» **EXERCISE DIRECTIONS**
The whole listing, except its pictures, is to be repeated exactly.

» **SUPPLIED DATA**
[Start of Attachment]

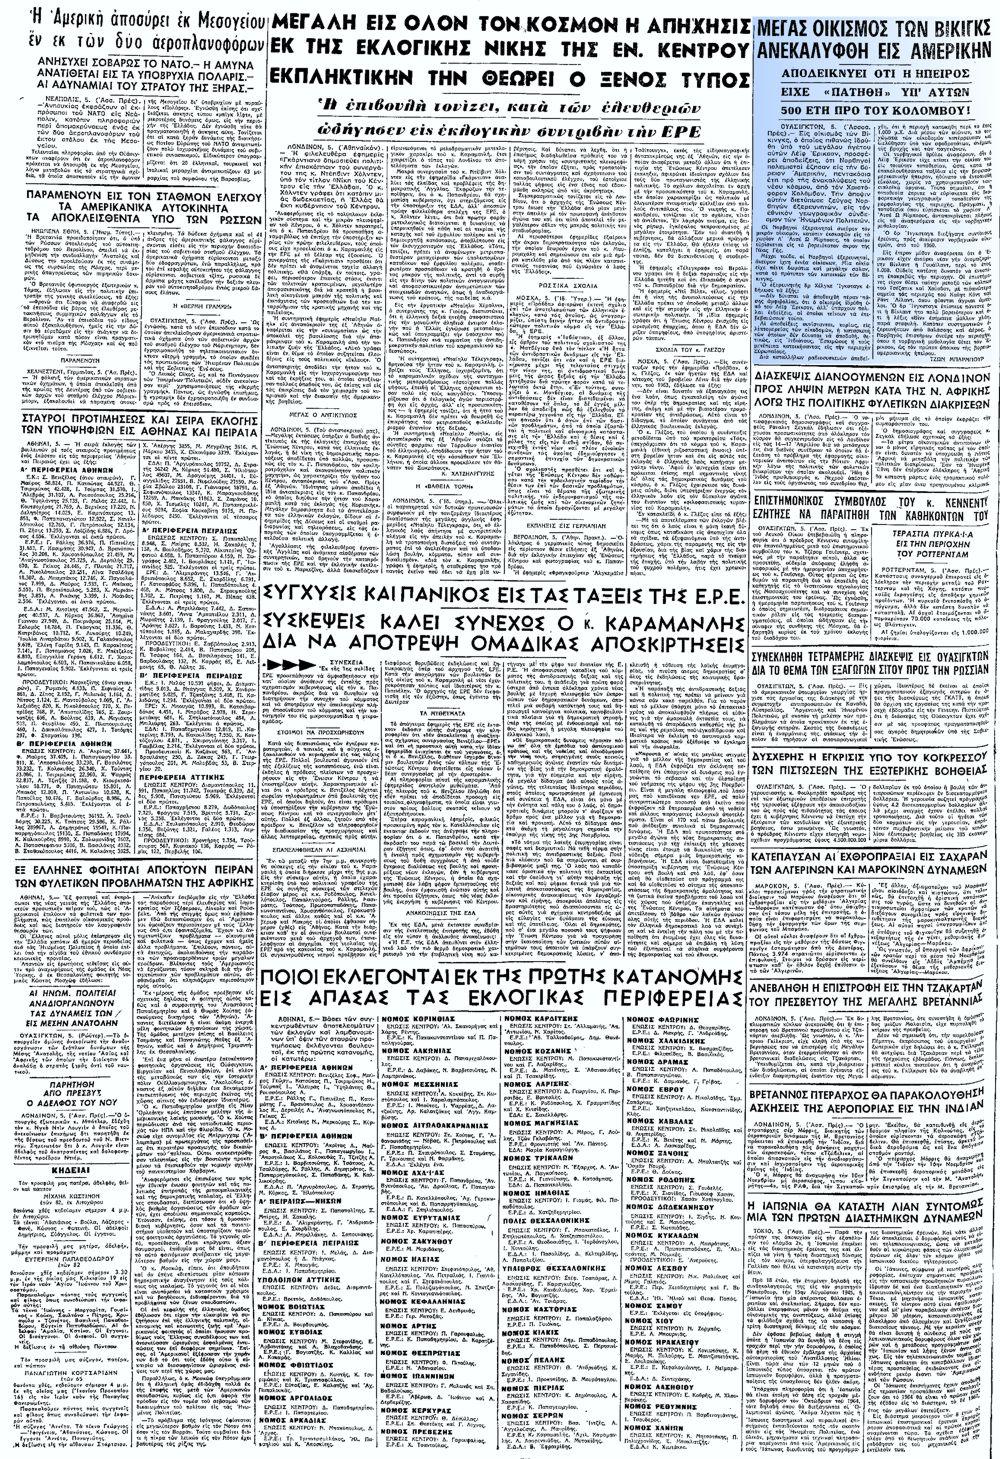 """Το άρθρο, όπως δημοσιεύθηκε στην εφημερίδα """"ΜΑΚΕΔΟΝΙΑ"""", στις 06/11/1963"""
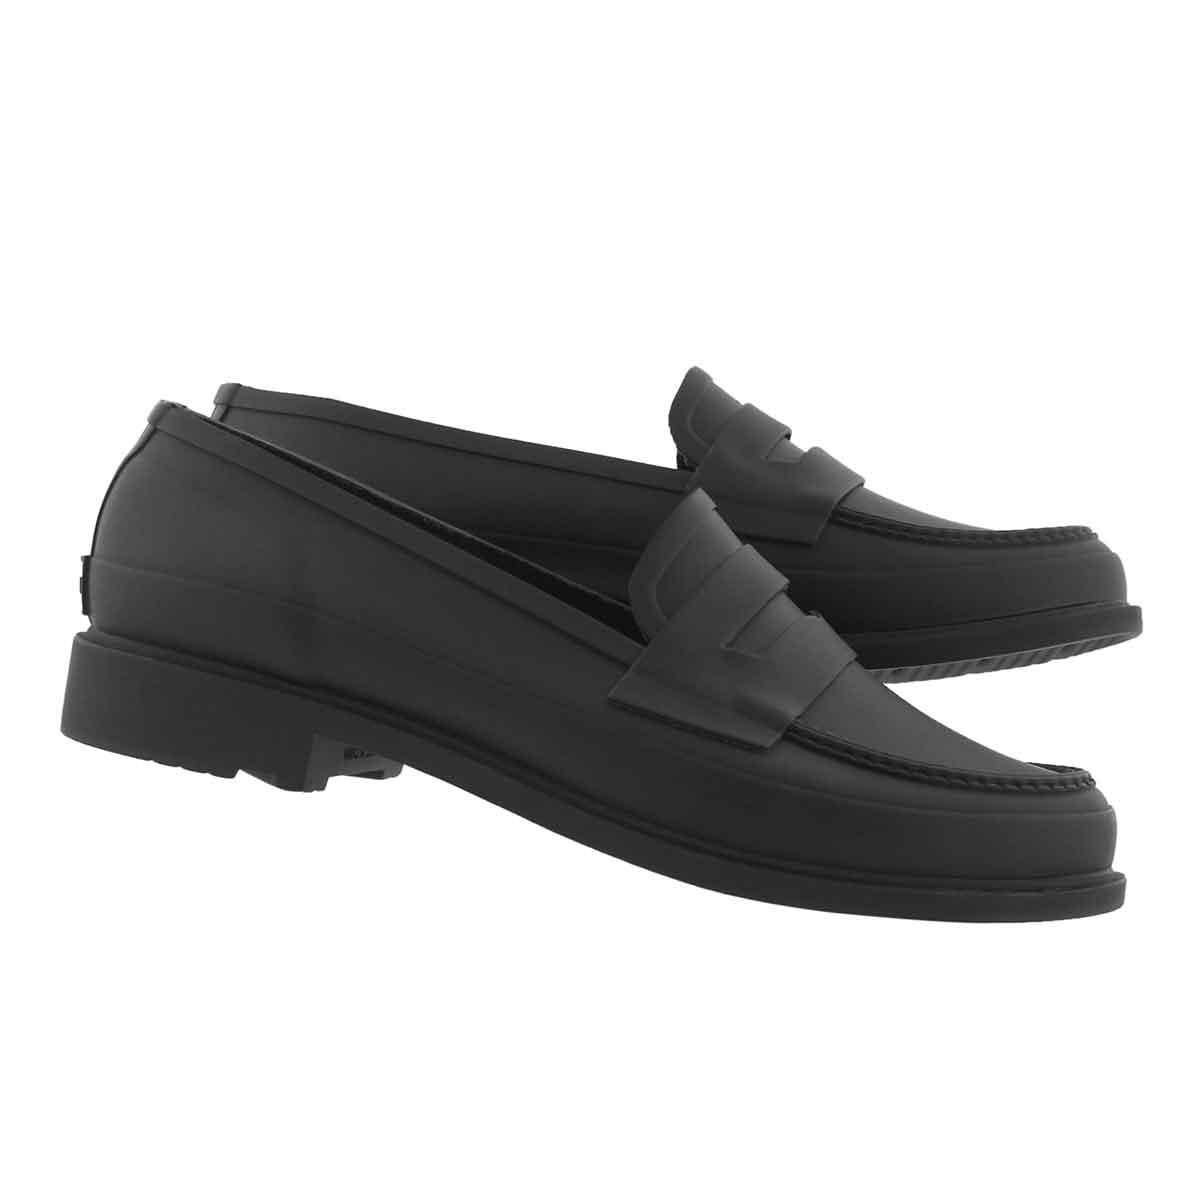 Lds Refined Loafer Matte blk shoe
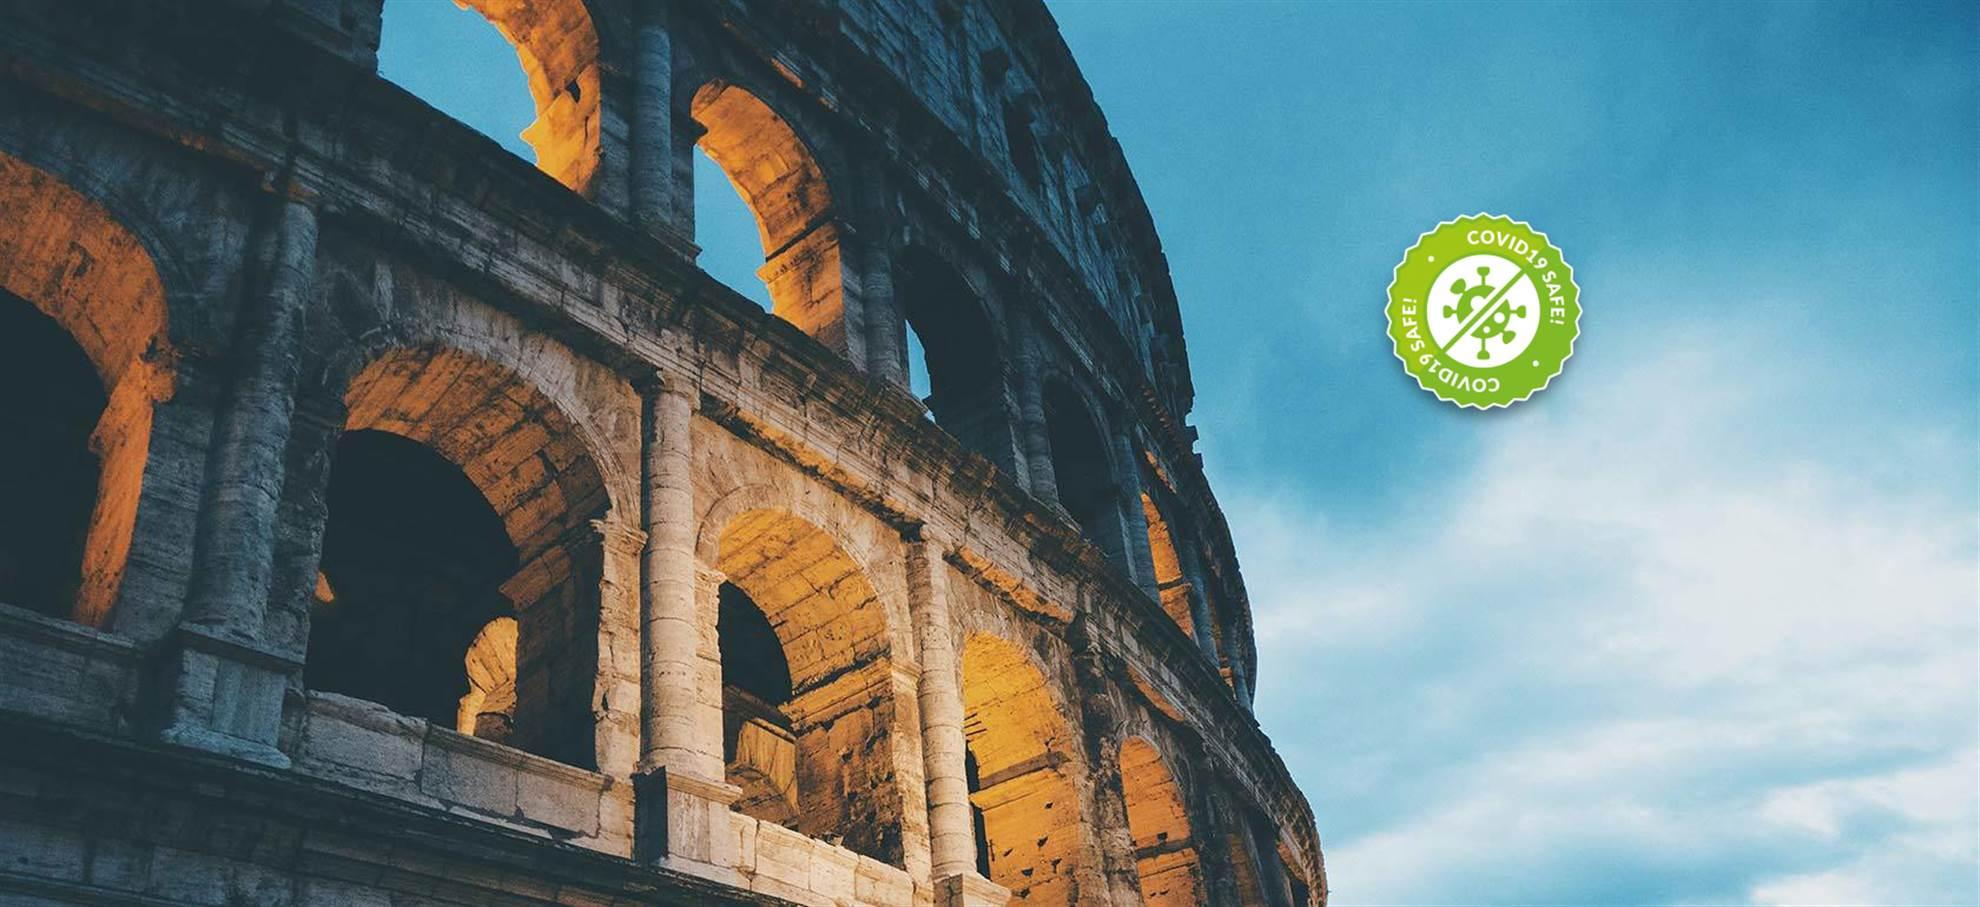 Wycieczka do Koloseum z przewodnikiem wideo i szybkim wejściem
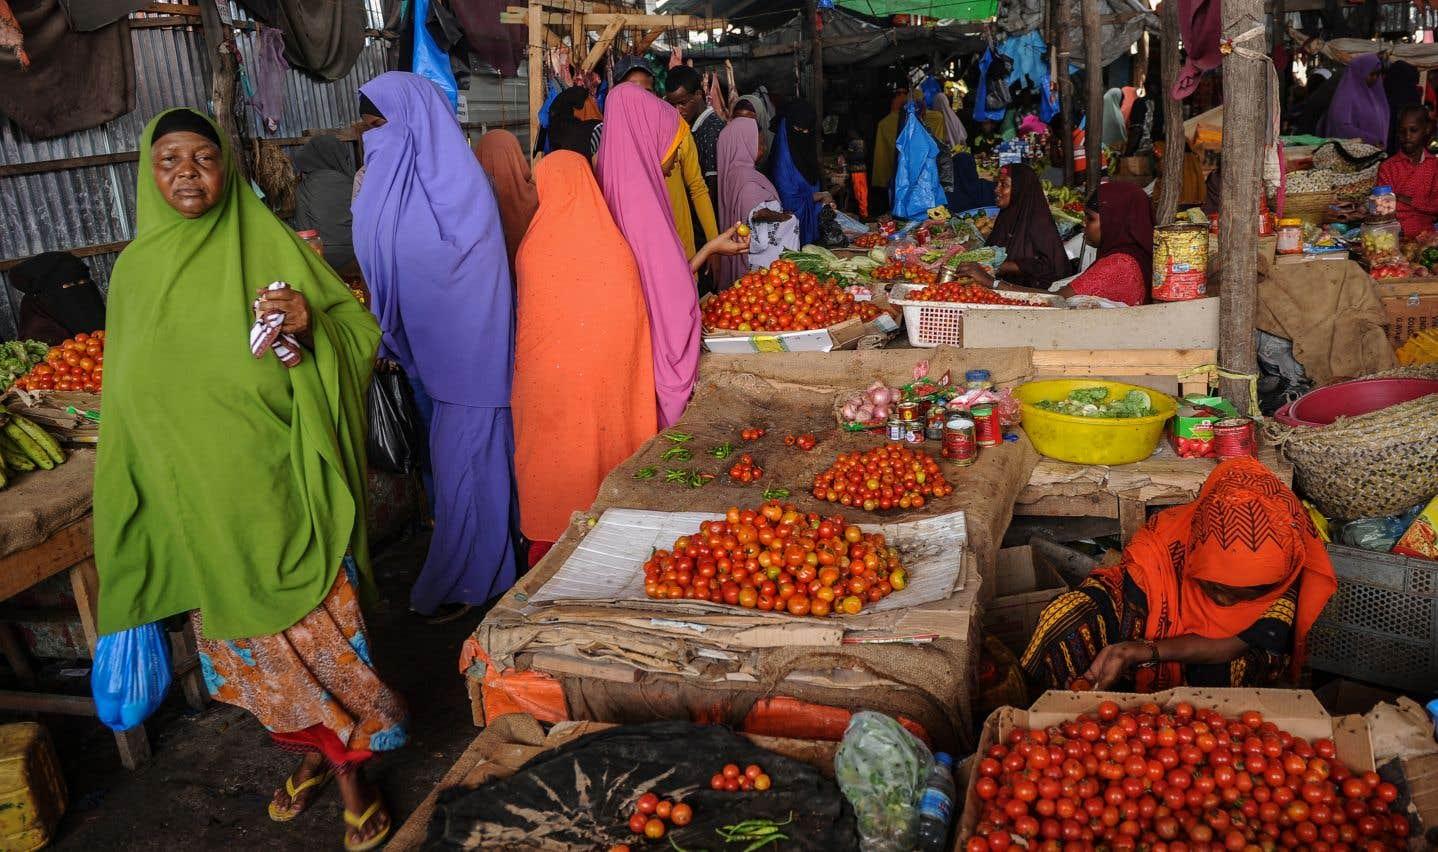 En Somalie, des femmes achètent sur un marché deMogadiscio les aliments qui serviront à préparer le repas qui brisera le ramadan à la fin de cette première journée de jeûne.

[End of Attachment]

» **EXERCISE ANSWER**
 """Το άρθρο, όπως δημοσιεύθηκε στην εφημερίδα """"ΜΑΚΕΔΟΝΙΑ"""", στις 06/11/1963"""
 Lds Refined Loafer Matte blk shoe
 Wycieczka do Koloseum z przewodnikiem wideo i szybkim wejściem
 En Somalie, des femmes achètent sur un marché deMogadiscio les aliments qui serviront à préparer le repas qui brisera le ramadan à la fin de cette première journée de jeûne.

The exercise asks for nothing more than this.